Mas vamos à novidade, a portaria 926 do MDS. Segundo consta: “Estabelece diretrizes em âmbito nacional para fiscalização e monitoramento dos serviços prestados por Entidades de Apoio e Acolhimento Atuantes em Álcool e Drogas”. Mas na prática, a própria portaria ASSUME deliberadamente, o financiamento da violação de direitos.
Art. 6º As fiscalizações devem priorizar entidades que possuem denúncias ou indícios de irregularidades.
E na sequência vêm como se dará essa fiscalização, com um roteiro, onde se poderá marcar:
C – Conforme
AM – A Melhorar
NC – Não Conforme
NA – Não Aplicável
Marcar com X algumas das questões esperadas numa vistoria de manicômio, cadeia, ou mesmo são perguntas que se poderia fazer para alguém que saiu de um cativeiro:
Fornece alimentação (especificar quantidade de refeições diárias).
A proibição de castigos físicos, psíquicos ou morais.
Não se viola, em nenhuma instância, a correspondência do acolhido, e as ligações telefônicas podem ser realizadas com privacidade.
Não expõe o acolhido à situação de constrangimento ou de vulnerabilidade, como ações em vias públicas de vendas de produtos ou de arrecadação de recursos, ou outras atividades congêneres.
Em caso de evasão, transferência, acidente, intercorrência clínica grave e falecimento serão comunicados os familiares ou representante legal do acolhido, no prazo máximo de 24h.
Não se utilizam ações como contenção física, psicológica e medicamentosa, bem como quaisquer tipos de isolamento ou restrição que infrinjam a liberdade da pessoa acolhida.
O serviço dispõe de alojamento adequado para o número de vagas de acolhimento oferecidas, separadas por público (adulto masculino/feminino).
Garante a inexistência de espaços restritivos, e mantém os ambientes de uso dos acolhidos livres de trancas, chaves ou grades, admitindo-se apenas o travamento simples.
A própria avaliação, é o reconhecimento da violência, têm que perguntar pra marcar no roteiro, qual a utilidade, o que se quer com esse roteiro? É uma portaria tão apatetada, que é incrível a cara de pau de publicar algo assim. E após esses quesitos, o corporativismo burguês, não deixa faltar a pergunta:
Possui um mecanismo de registro de queixas e sugestões à disposição de cada acolhido e família, onde seja possível expor quaisquer insatisfações e opiniões voltadas à melhoria do serviço.
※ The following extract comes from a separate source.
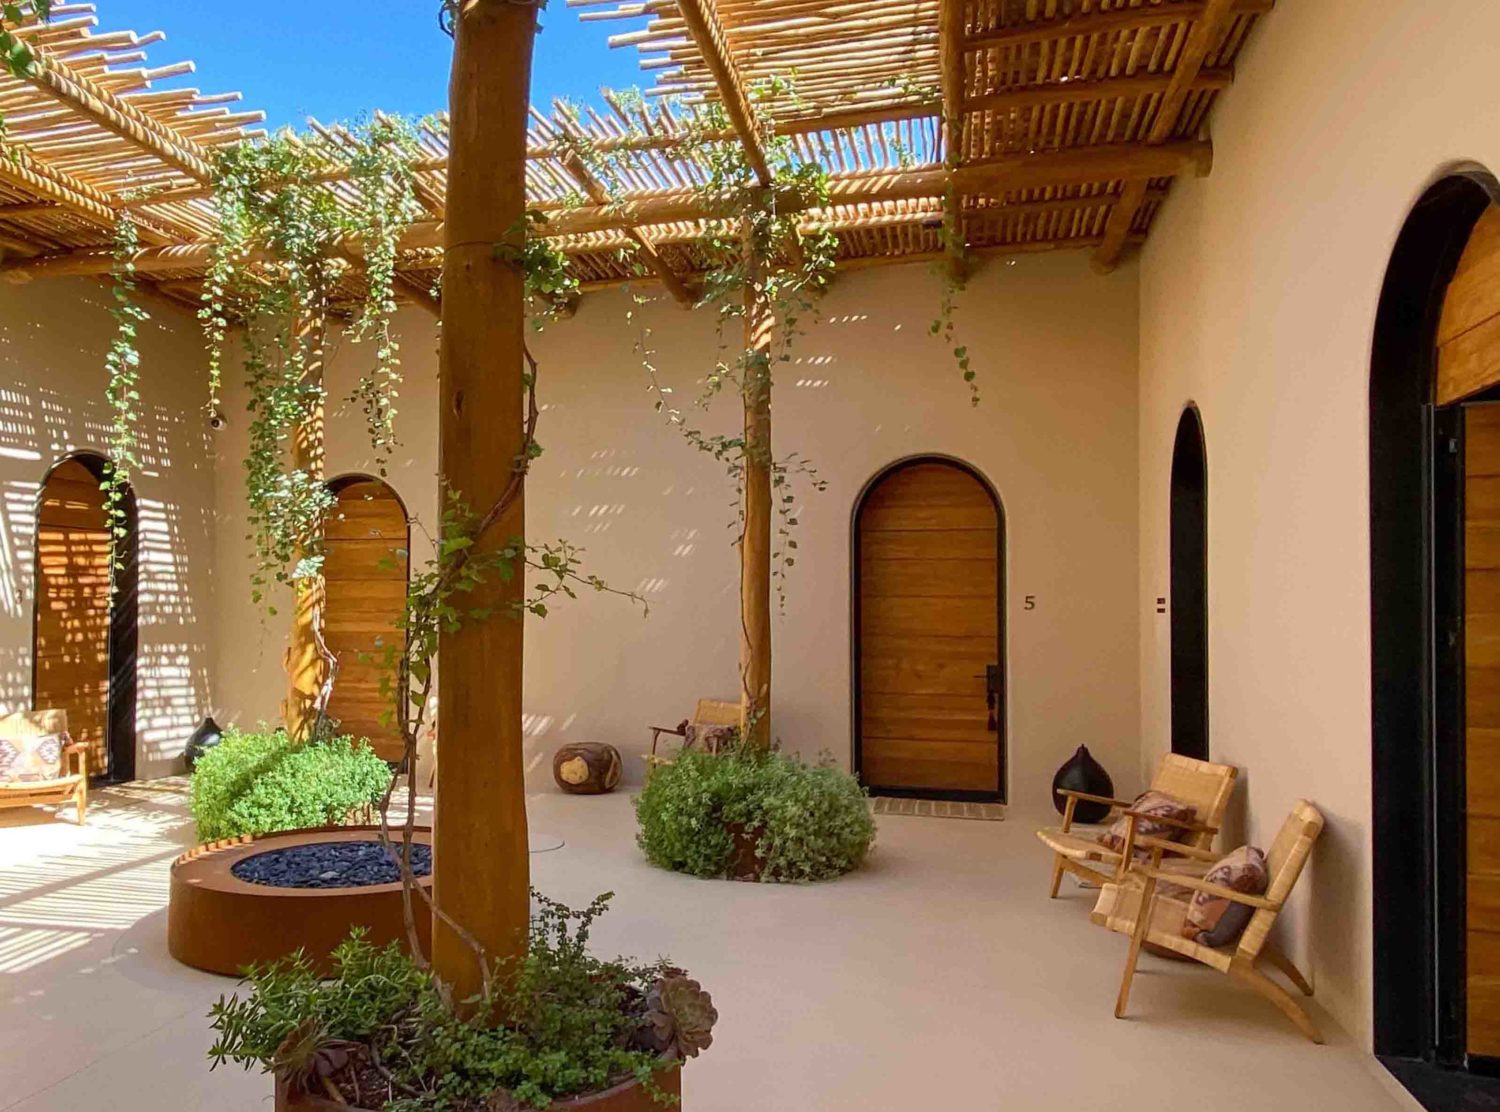 Six Senses Shaharut The inner realm and treatment rooms

A falta de noção, de empenho se quer em disfarçar é tanta, que é incluído no roteiro uma pesquisa de satisfação do usuário, com perguntas como:
Se houve situação em que foram contidos fisicamente ou por medicamentos?
É assegurada a privacidade, inclusive no tocante ao uso de vestuário, corte de cabelo e objetos pessoais próprios, observadas as regras sociais de convivência?
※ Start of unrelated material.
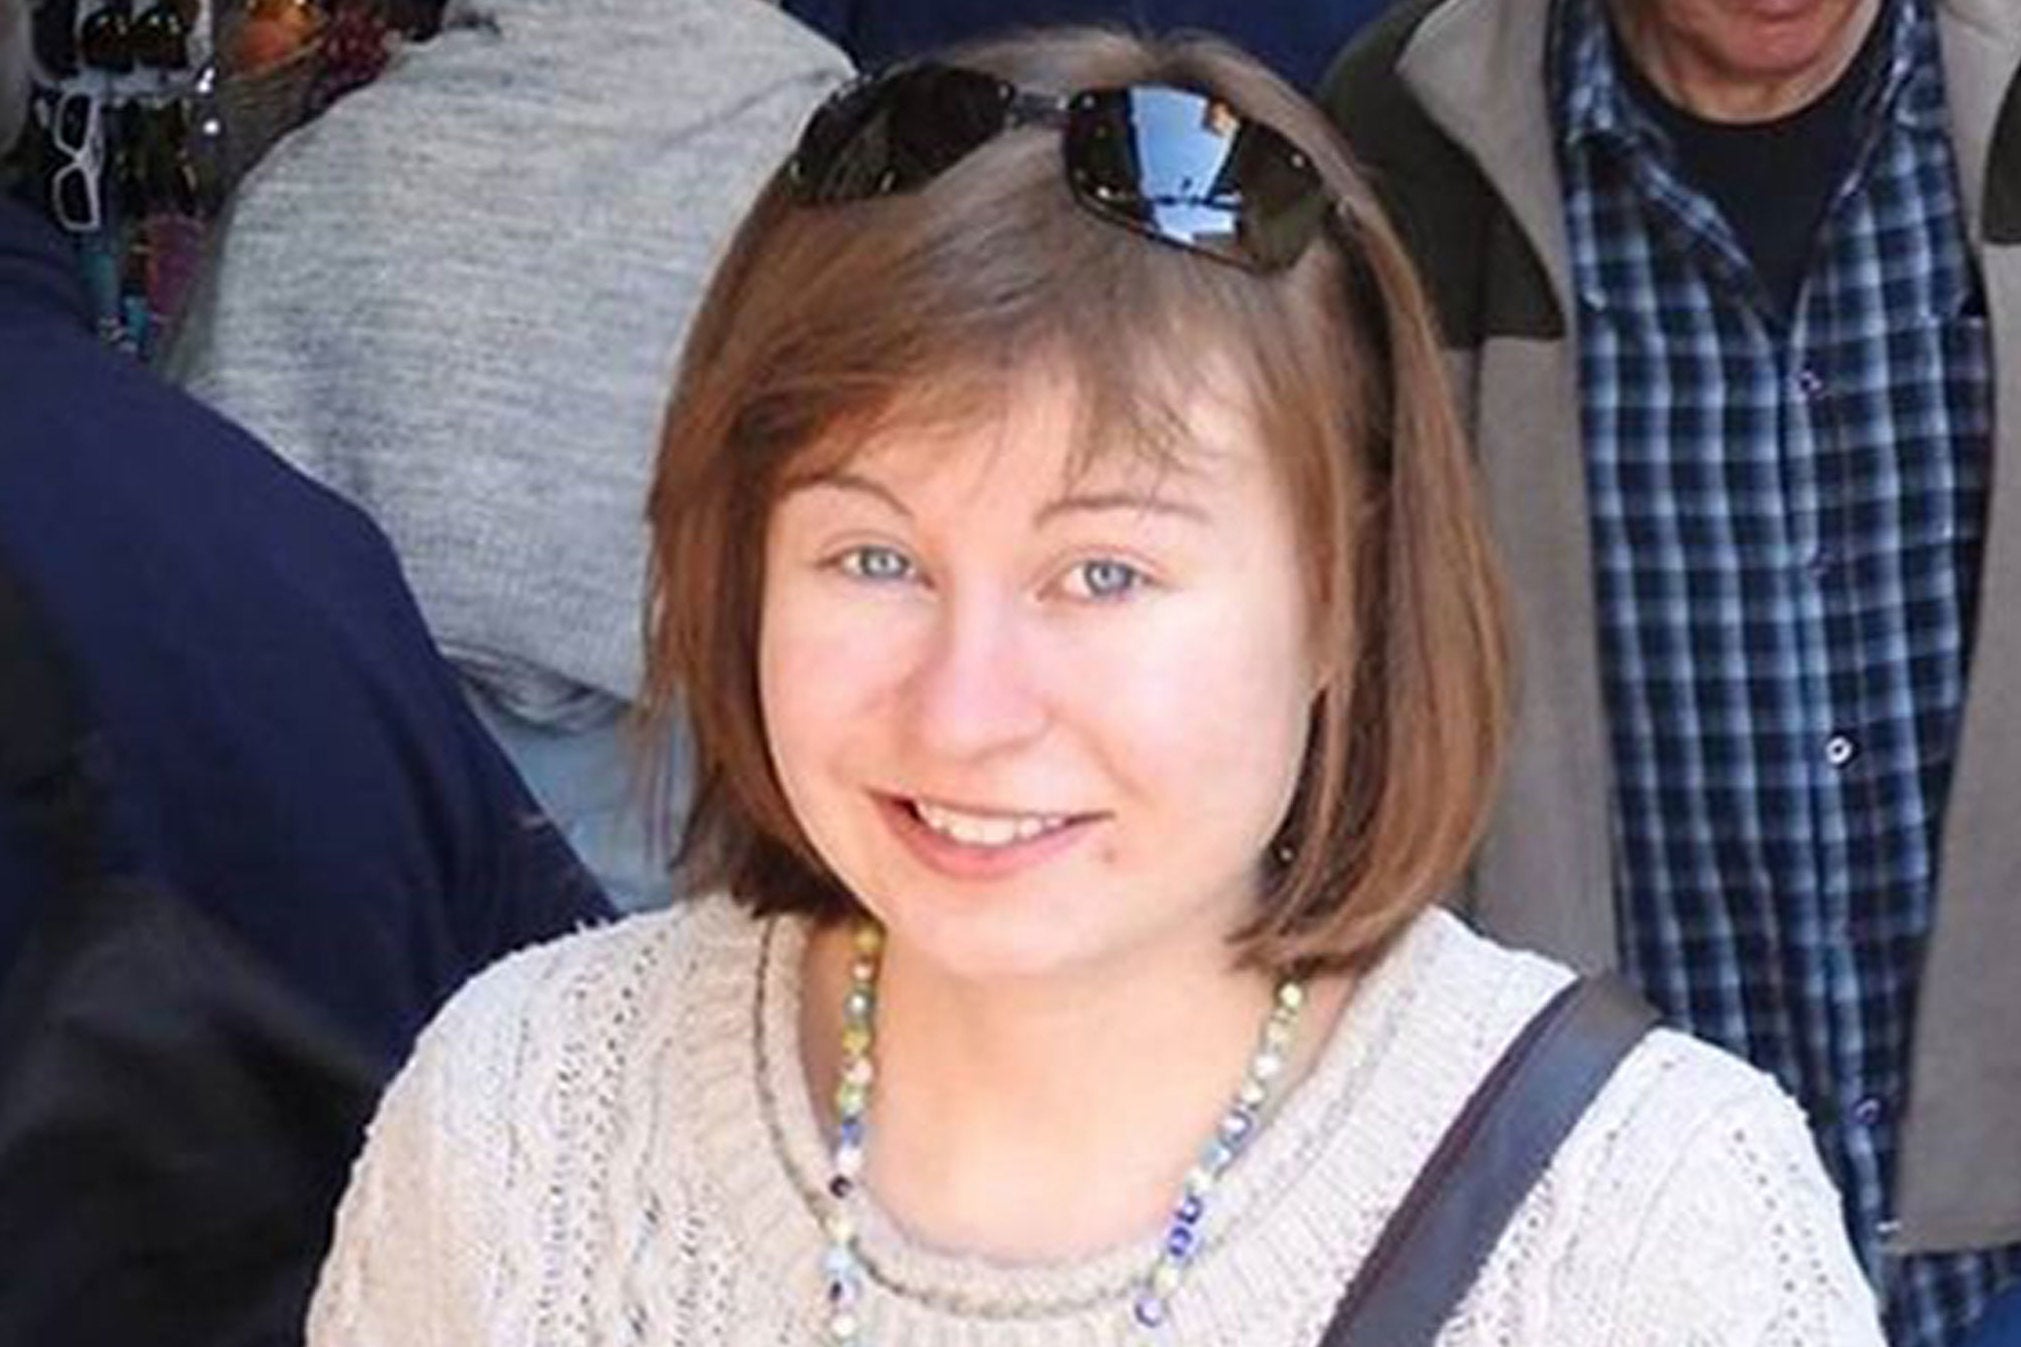 British tourist Hannah Bladon who was stabbed to death in Jerusalem on Good Friday

E mesmo assim, “As fiscalizações de que tratam esta Portaria poderão ocorrer de modo presencial ou remoto”. O ministério está brincando com o dinheiro público, com a saúde das pessoas, e até com a própria governabilidade.
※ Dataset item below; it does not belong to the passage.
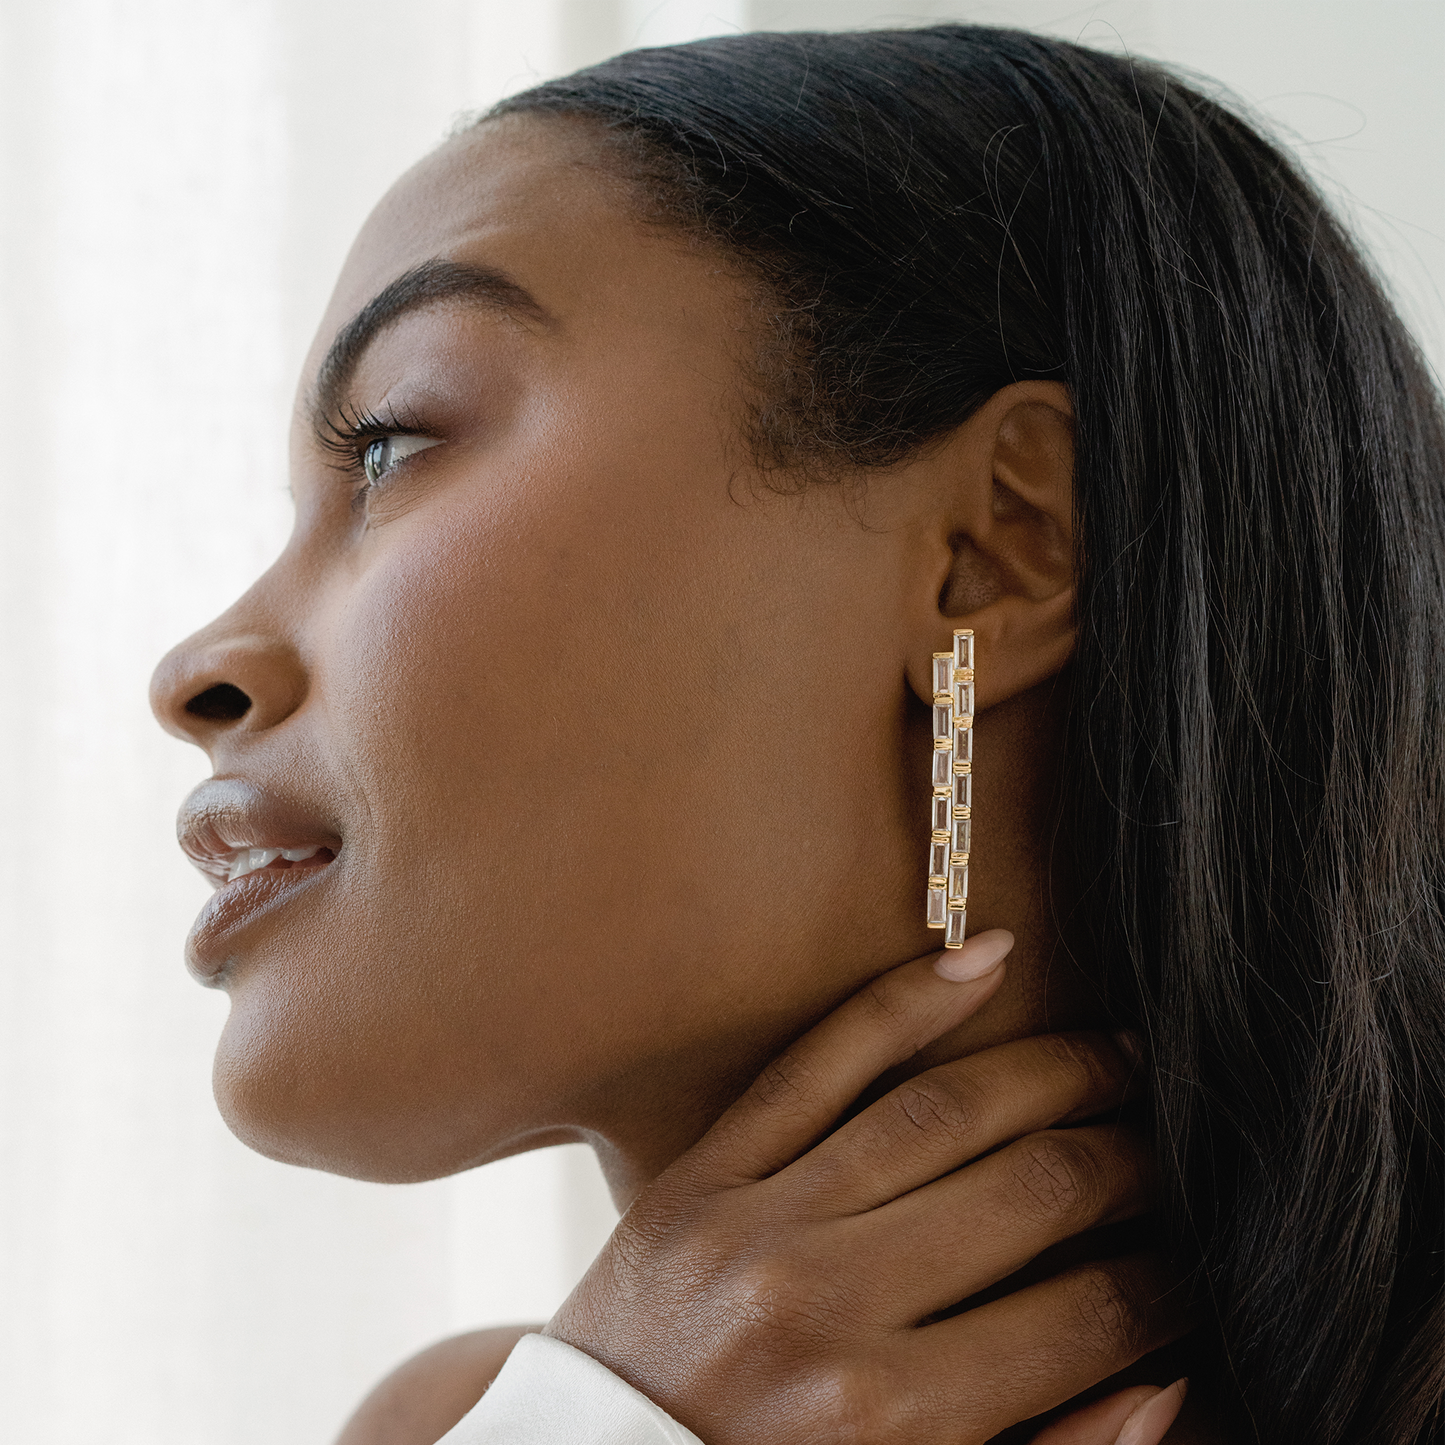 Alana Statement Earrings: Gold plate

Esse é o resultado de uma política que opera propositalmente para agradar interesses particulares, de absoluta e cega concessão. Que não dialoga com movimentos sociais, desconsidera a história, a construção prática e teórica do país. Trabalhadores, militantes, pesquisadores, usuários e familiares, todos excluídos da participação política. Em que governo nós estamos?
Essa portaria é uma vergonha, concebida para legitimar essas instituições, transforma a saúde em mercadoria desumanizada. E agora poderão passar a ter certificação de “fiscalizadas”. Que empenho podemos esperar desse ministério?
Essa portaria deve ser revogada imediatamente, todo financiamento público a essas instituições deve ser retirado, e realizada uma fiscalização séria. Esse recurso deve ser realocado no Ministério da Saúde, investido em dispositivos públicos, regulamentados e com atuação cientificamente comprovada.